BEGIN
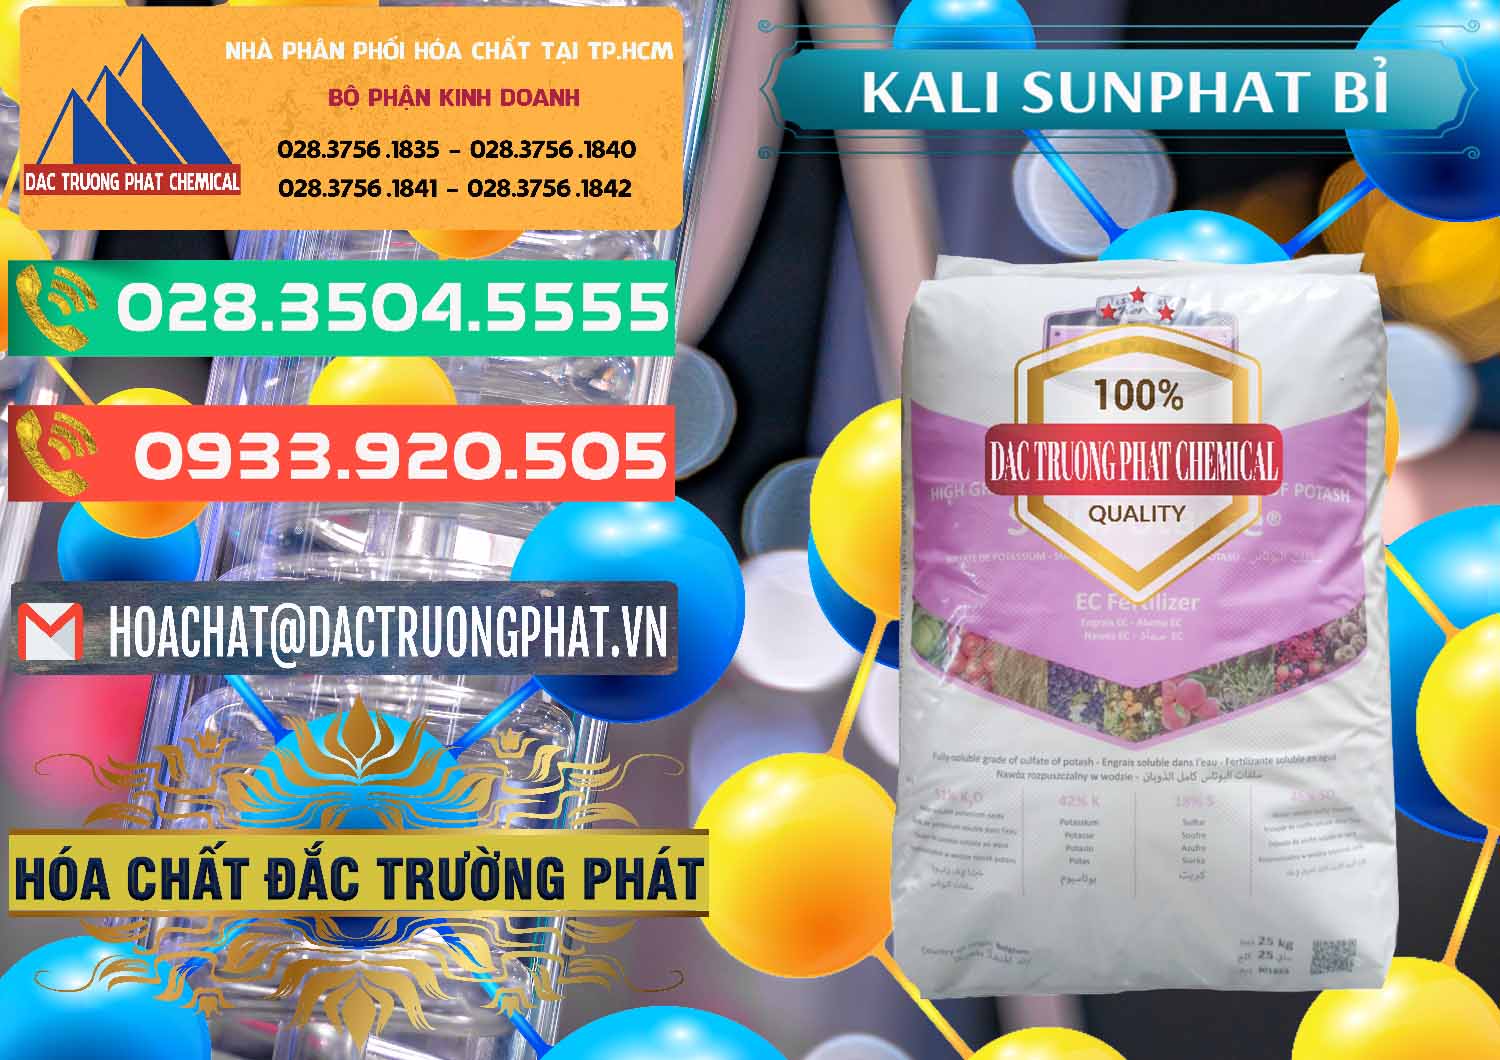 Chuyên kinh doanh - bán Kali Sunphat – K2SO4 Bỉ Belgium - 0406 - Nhà cung cấp & phân phối hóa chất tại TP.HCM - congtyhoachat.com.vn
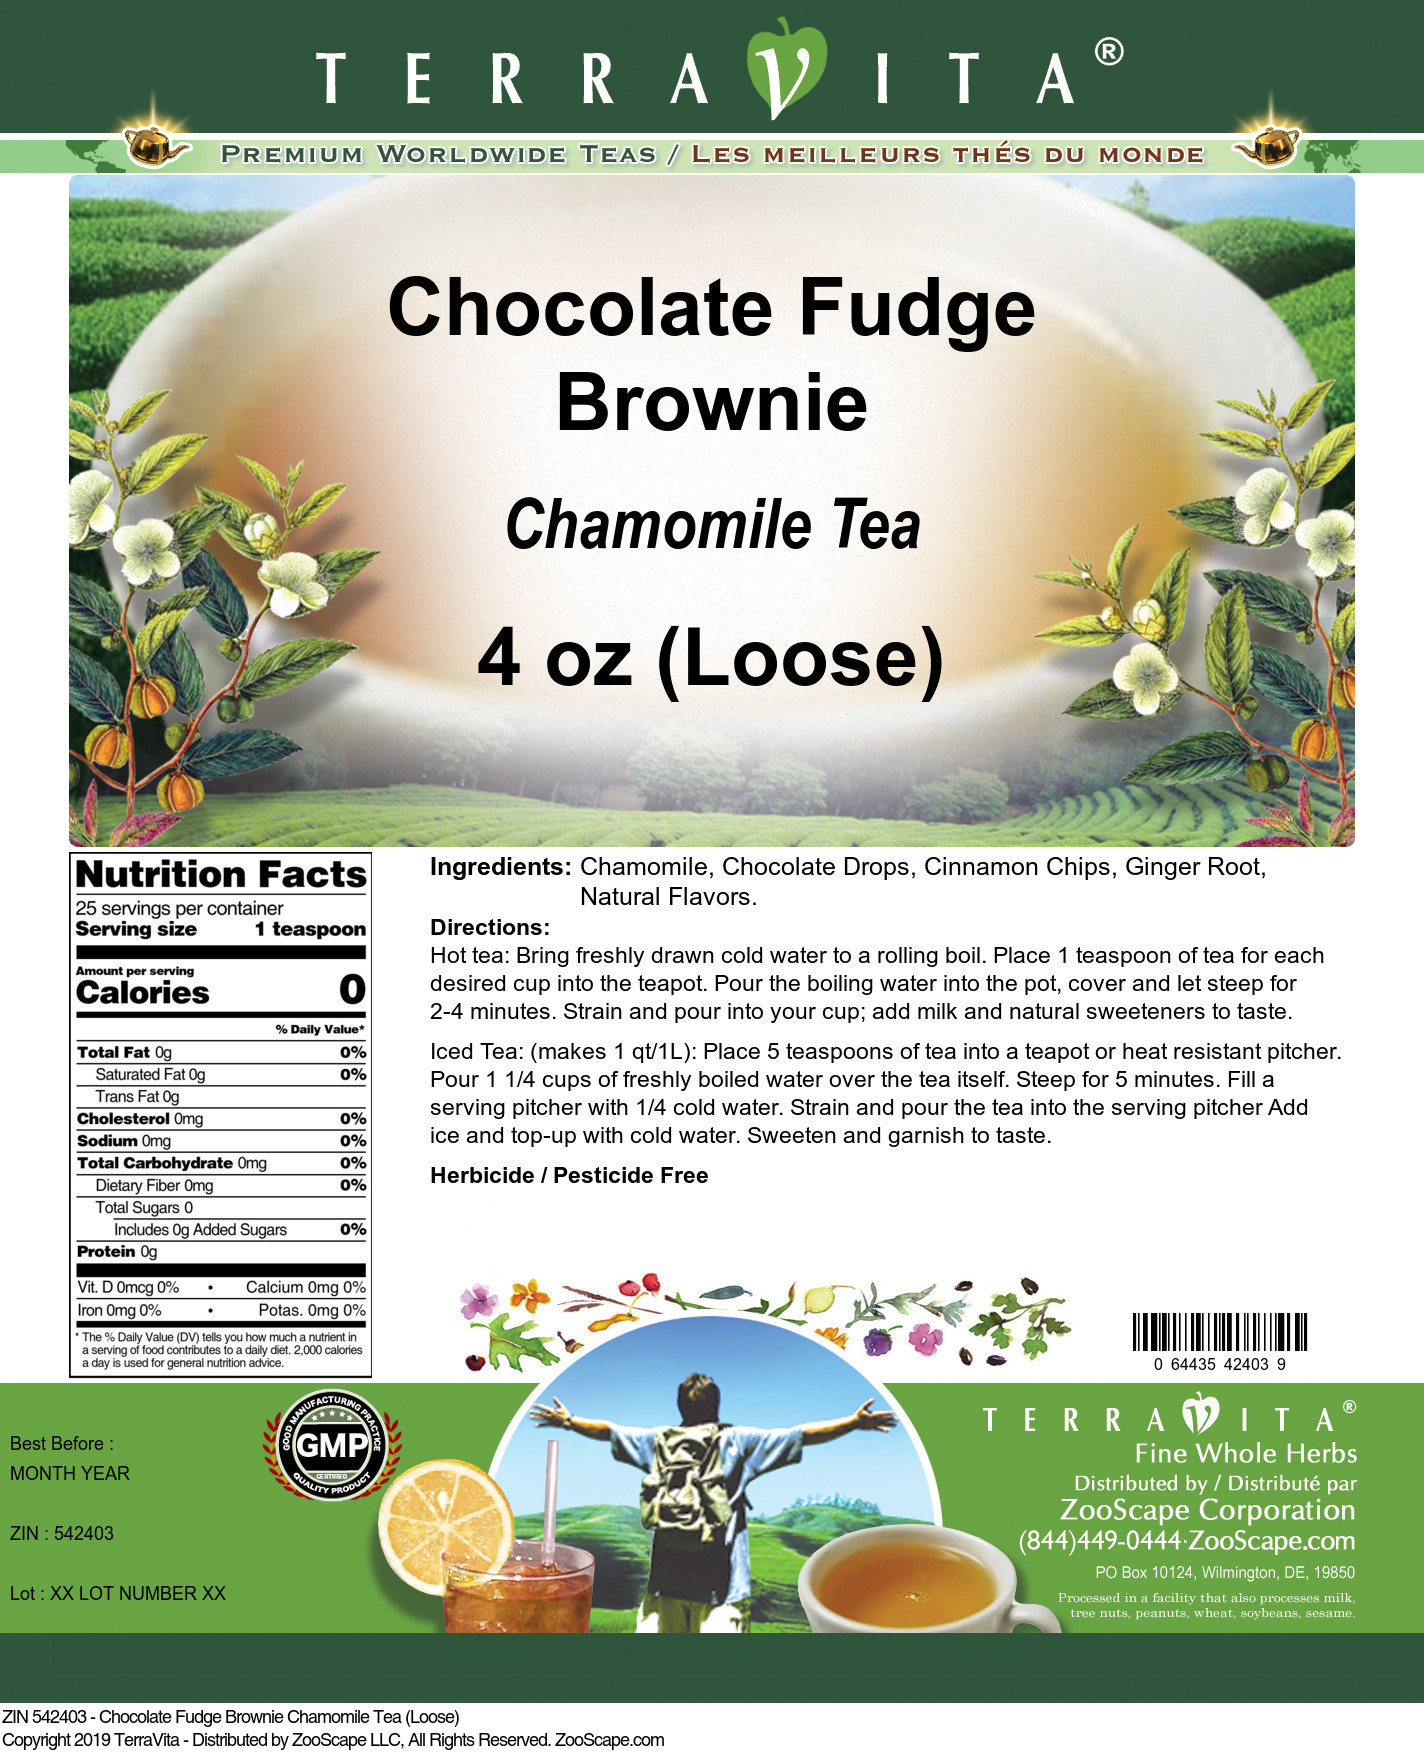 Chocolate Fudge Brownie Chamomile Tea (Loose) - Label
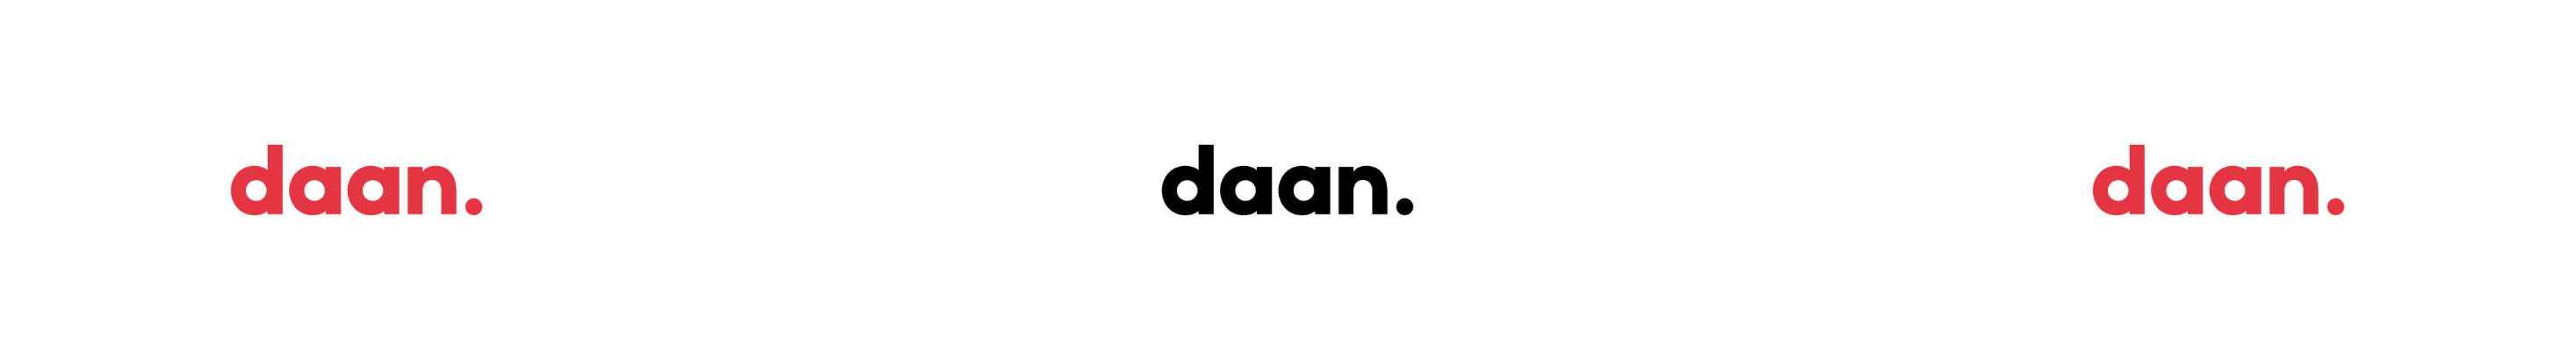 Daan van Lieshout's profile banner
END
▸ Task:
Give back every line of the material above word for word, leaving out the pictures.

▸ Answer for this exercise:
 Chuyên kinh doanh - bán Kali Sunphat – K2SO4 Bỉ Belgium - 0406 - Nhà cung cấp & phân phối hóa chất tại TP.HCM - congtyhoachat.com.vn
 Chocolate Fudge Brownie Chamomile Tea (Loose) - Label
 Daan van Lieshout's profile banner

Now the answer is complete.